#FOMCMeeting Based on the real-time market data of Ethereum (ETH) on May 6, 2025 (current price $1,791.80, EMA30 resistance $1,809.70, MACD short positions dominant), combined with technical indicators and volume-price structure, the following precise strategy for 1 hour is formulated:
Core strategy and points
1. Resistance level for short positions
- Entry conditions: Price rebounds to 1,805-1,810 USD (EMA30 + MA26 overlapping resistance), combined with 1-hour MACD histogram contraction or KDJ overbought (K > 50).
- Target: Pull back to $1,790-$1,795 (EMA5 support), break below to look for $1,780 (daily low).
- Stop loss: set above $1,815 to guard against false breakouts.
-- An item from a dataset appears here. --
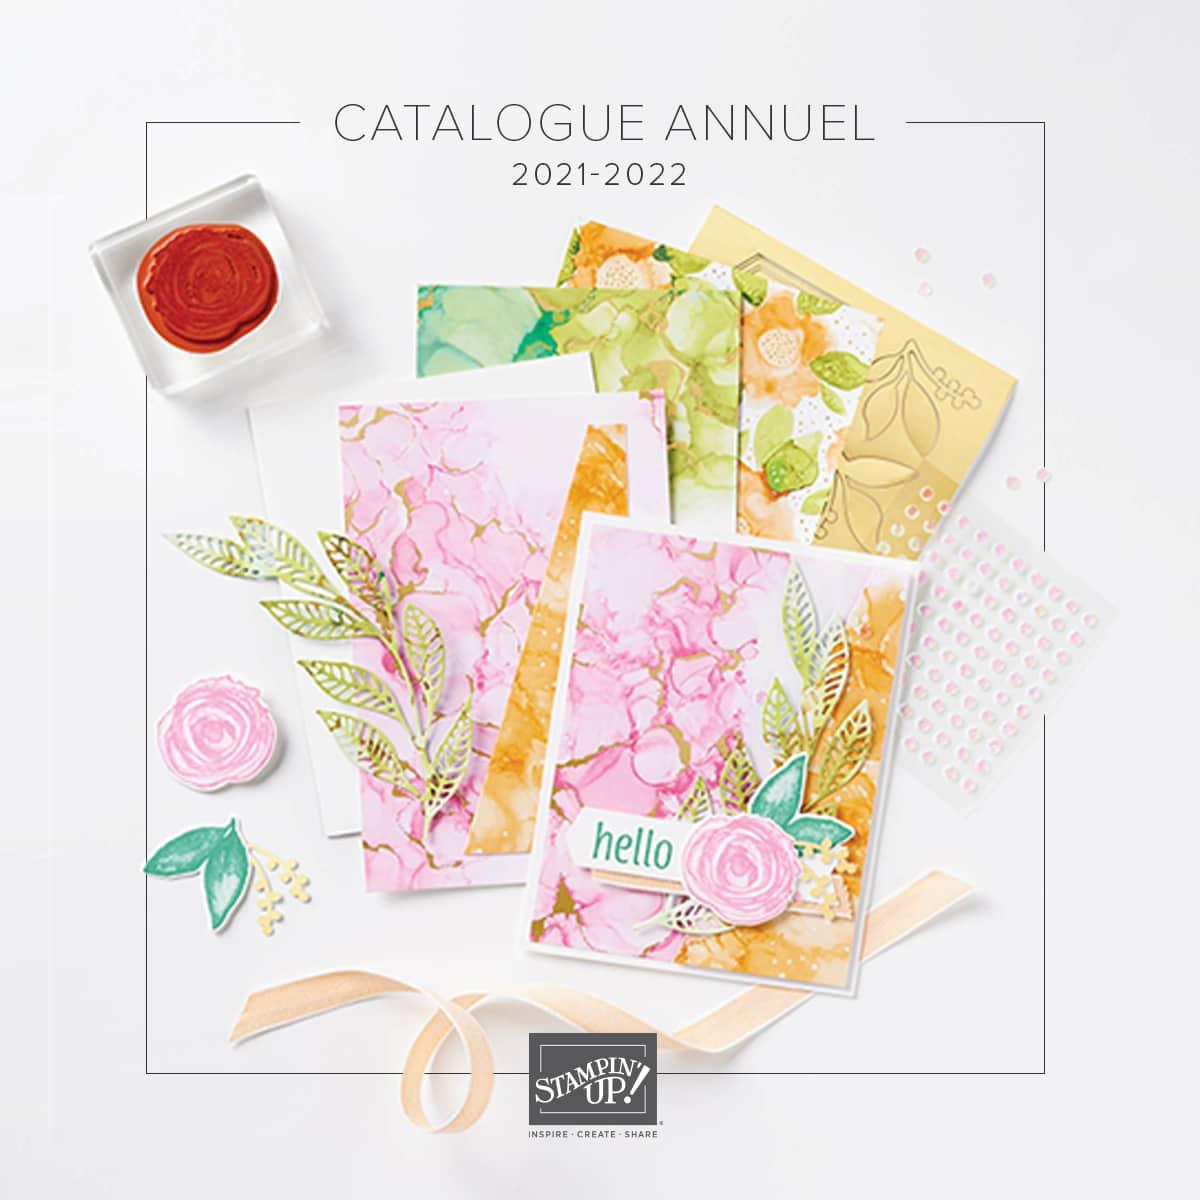 Catalogue Annuel 2021/2022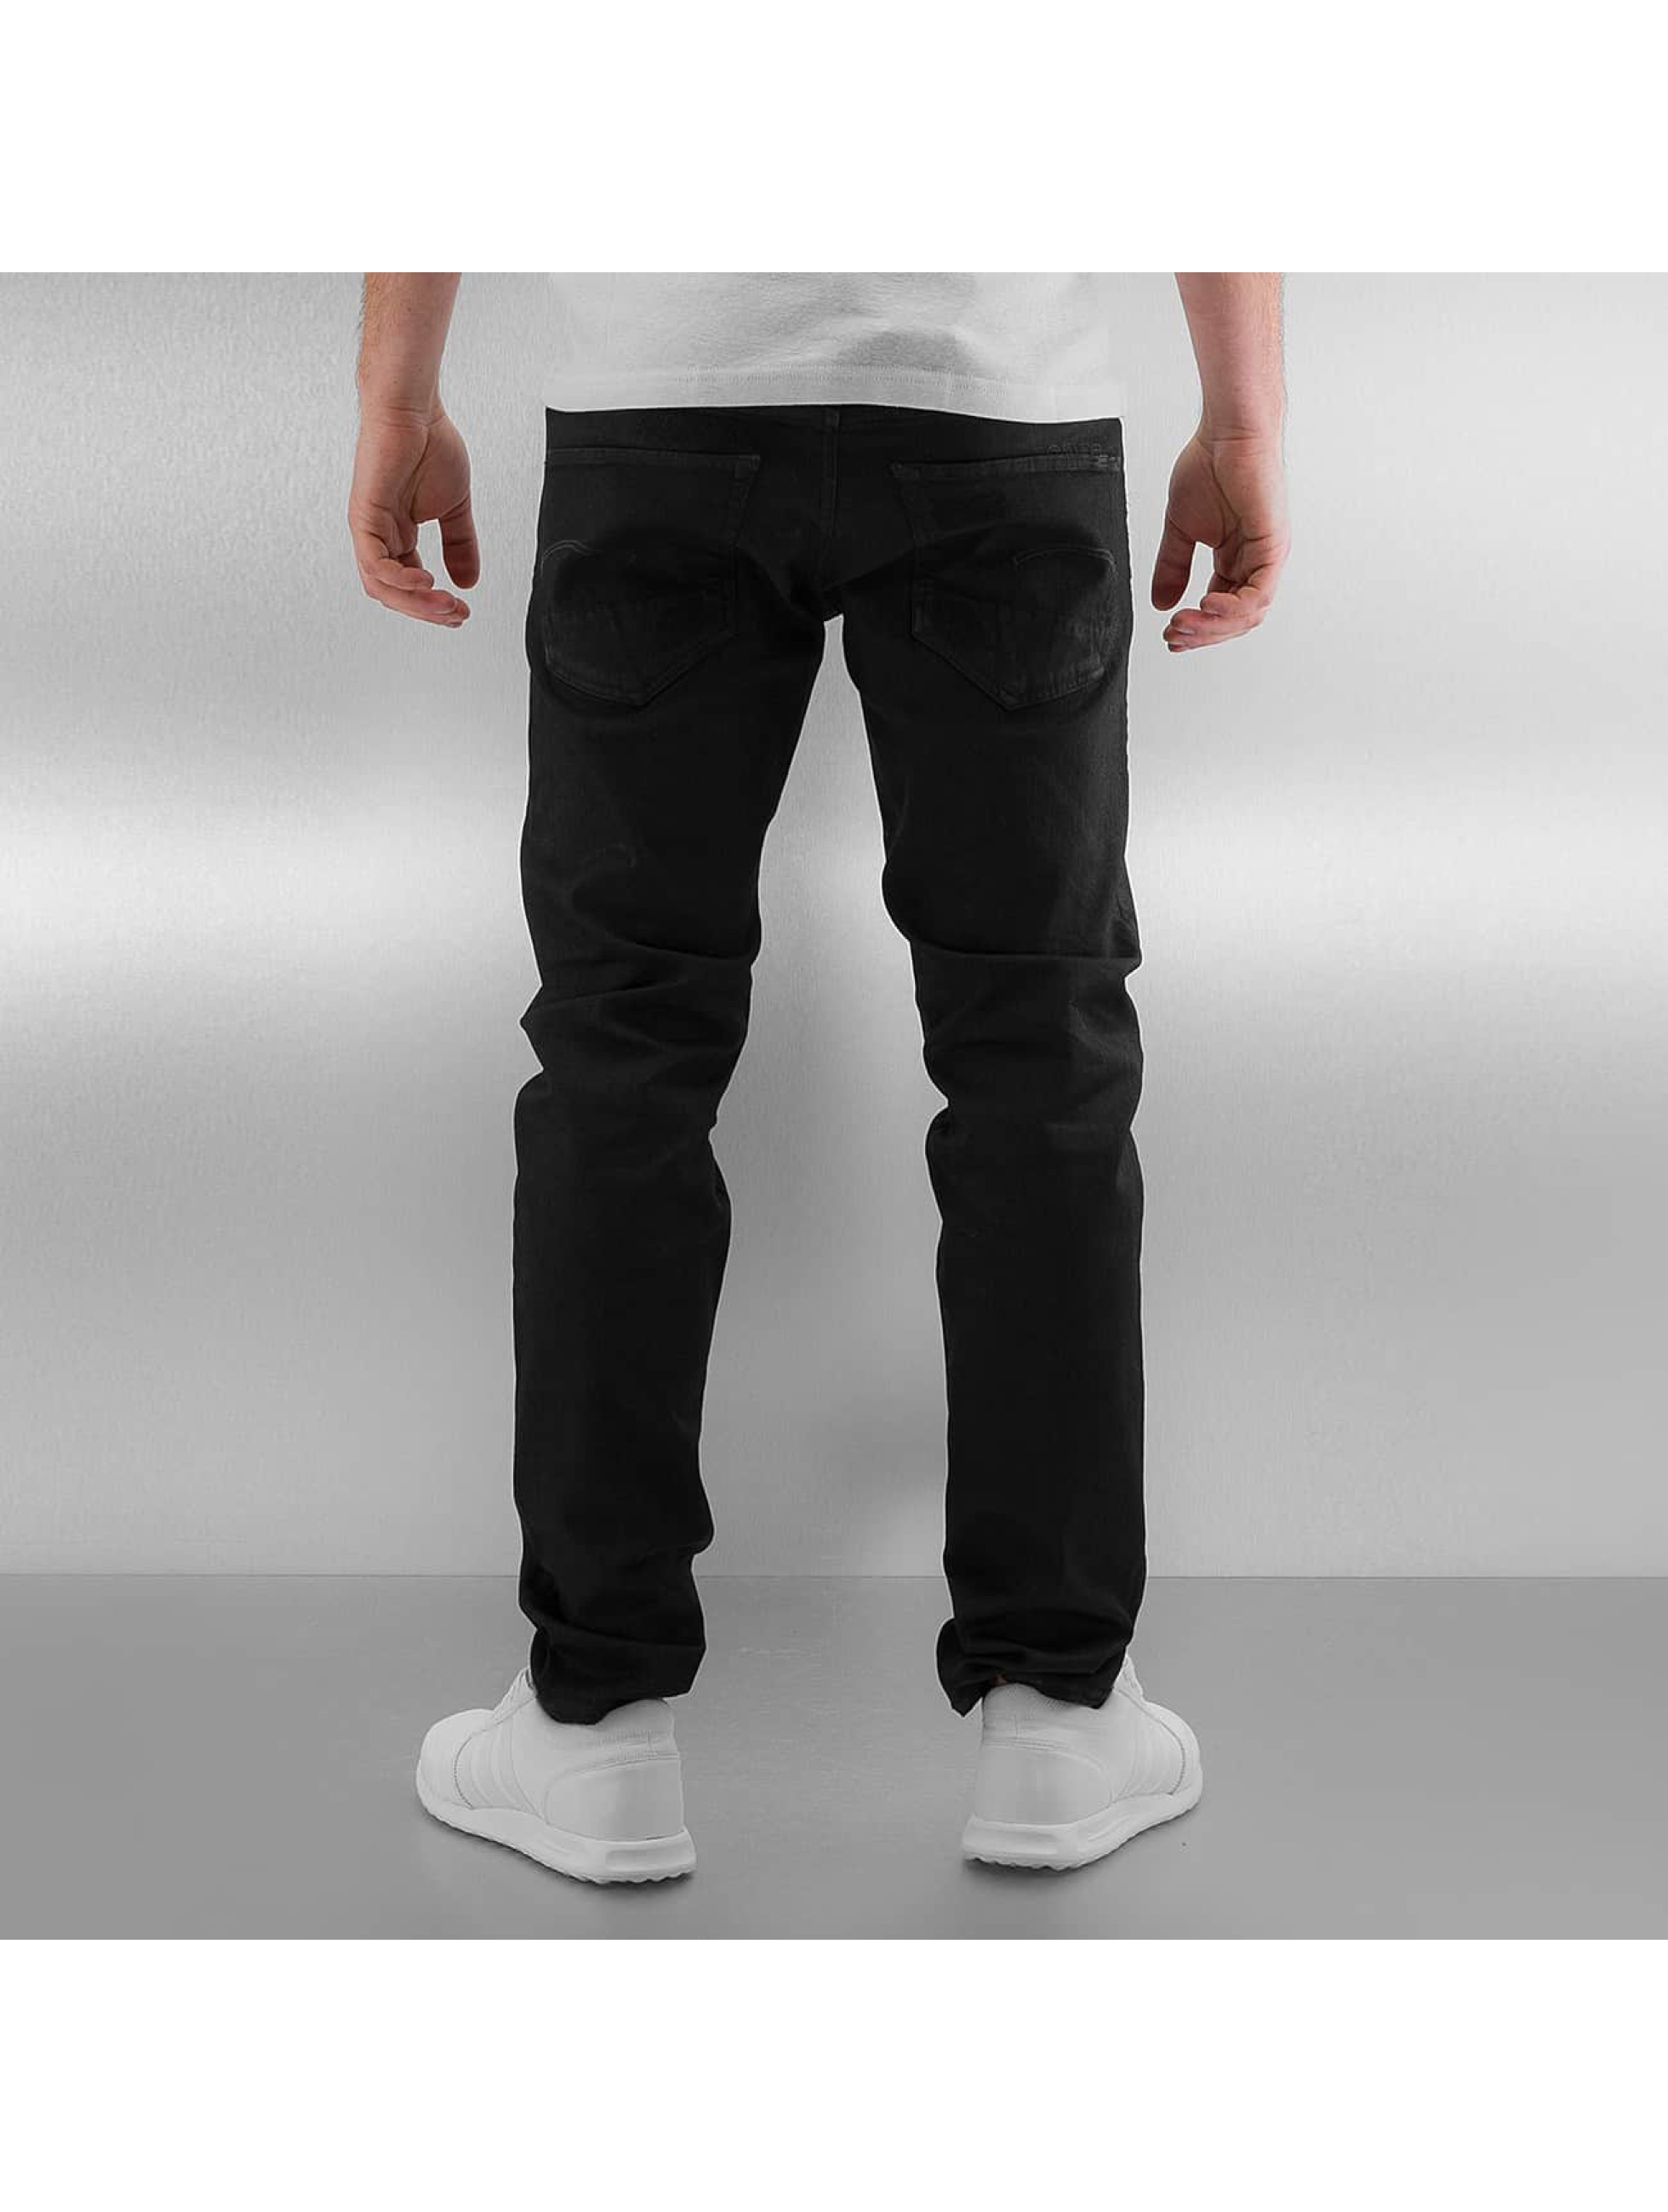 G-Star Straight Fit Jeans 3301 Slim Turner schwarz

2. Support level rebound to go long
- Entry conditions: Price falls back to stabilize in the range of $1,780-$1,785 (daily EMA60 support + on-chain liquidation zone), combined with RSI<30 or bottom divergence signal.
- Target: Rebound to $1,795-$1,805 (EMA10 resistance), take profit in batches after breaking through.
- Stop-loss: set strictly below $1,775, risk ≤3%.
3. Breakthrough short positions
- Entry conditions: Price breaks below $1,780 (strong intraday support), confirmed by 1-hour close and volume > 35 million USDT.
- Target: A drop to $1,760-$1,750 (psychological level + Fibonacci extension), breaking down to look for $1,730.
- Stop loss: dynamically move up to above $1,790 to protect profits.
Key Signals and Risk Control
- MACD Momentum: Current MACD bar -0.92 (short positions continue), DIF ( -3.79) crosses below DEA ( -2.87) deepening the decline, a rebound requires volume support.
- KDJ Indicator: J value 57.5 (neutral to bearish), if the price rebounds to $1,805 it may face resistance and fall back.
- BTC correlation: If Bitcoin falls below $83,000, ETH may accelerate its correction; if it holds above $84,500, it may drive ETH to rebound to $1,800.
- On-chain risk: The current price of ETH is approaching the maximum pain point of $1,780 for options. If it falls below $1,775, it may trigger liquidations exceeding $320 million.